- [The problem]
With the records below as your source, retype each line exactly from the top down to the line that contains "Glückliche Farmerin mit", and include that line.

- [Records for processing]
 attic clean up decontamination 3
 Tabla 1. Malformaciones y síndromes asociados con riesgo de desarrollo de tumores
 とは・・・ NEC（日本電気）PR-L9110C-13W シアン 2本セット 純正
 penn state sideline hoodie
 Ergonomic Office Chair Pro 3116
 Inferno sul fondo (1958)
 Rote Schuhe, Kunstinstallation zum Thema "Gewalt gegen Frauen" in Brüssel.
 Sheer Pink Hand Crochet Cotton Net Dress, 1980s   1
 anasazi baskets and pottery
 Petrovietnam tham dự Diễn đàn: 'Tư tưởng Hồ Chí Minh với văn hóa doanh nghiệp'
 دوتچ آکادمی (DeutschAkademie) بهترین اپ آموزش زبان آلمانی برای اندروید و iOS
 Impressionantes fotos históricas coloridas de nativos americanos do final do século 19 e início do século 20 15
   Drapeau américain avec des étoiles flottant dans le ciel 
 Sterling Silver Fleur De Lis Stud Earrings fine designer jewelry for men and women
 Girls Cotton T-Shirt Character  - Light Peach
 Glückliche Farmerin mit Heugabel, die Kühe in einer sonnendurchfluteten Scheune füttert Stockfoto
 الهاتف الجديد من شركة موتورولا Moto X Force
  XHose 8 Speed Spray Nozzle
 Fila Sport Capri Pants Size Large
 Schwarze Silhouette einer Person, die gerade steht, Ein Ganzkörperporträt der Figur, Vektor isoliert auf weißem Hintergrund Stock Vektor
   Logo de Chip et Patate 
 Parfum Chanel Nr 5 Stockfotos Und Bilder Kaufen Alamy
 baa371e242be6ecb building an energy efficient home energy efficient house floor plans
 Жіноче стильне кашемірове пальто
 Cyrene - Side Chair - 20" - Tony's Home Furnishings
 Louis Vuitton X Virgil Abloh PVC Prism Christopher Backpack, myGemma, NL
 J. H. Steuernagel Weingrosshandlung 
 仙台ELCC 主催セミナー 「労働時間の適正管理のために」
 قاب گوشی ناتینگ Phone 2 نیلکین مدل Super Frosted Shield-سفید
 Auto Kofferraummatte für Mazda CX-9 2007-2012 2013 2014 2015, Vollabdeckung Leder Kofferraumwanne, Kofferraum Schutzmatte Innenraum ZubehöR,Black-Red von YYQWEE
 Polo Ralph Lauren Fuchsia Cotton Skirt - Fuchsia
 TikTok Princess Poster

- [Response box]
 attic clean up decontamination 3
 Tabla 1. Malformaciones y síndromes asociados con riesgo de desarrollo de tumores
 とは・・・ NEC（日本電気）PR-L9110C-13W シアン 2本セット 純正
 penn state sideline hoodie
 Ergonomic Office Chair Pro 3116
 Inferno sul fondo (1958)
 Rote Schuhe, Kunstinstallation zum Thema "Gewalt gegen Frauen" in Brüssel.
 Sheer Pink Hand Crochet Cotton Net Dress, 1980s   1
 anasazi baskets and pottery
 Petrovietnam tham dự Diễn đàn: 'Tư tưởng Hồ Chí Minh với văn hóa doanh nghiệp'
 دوتچ آکادمی (DeutschAkademie) بهترین اپ آموزش زبان آلمانی برای اندروید و iOS
 Impressionantes fotos históricas coloridas de nativos americanos do final do século 19 e início do século 20 15
   Drapeau américain avec des étoiles flottant dans le ciel 
 Sterling Silver Fleur De Lis Stud Earrings fine designer jewelry for men and women
 Girls Cotton T-Shirt Character  - Light Peach
 Glückliche Farmerin mit Heugabel, die Kühe in einer sonnendurchfluteten Scheune füttert Stockfoto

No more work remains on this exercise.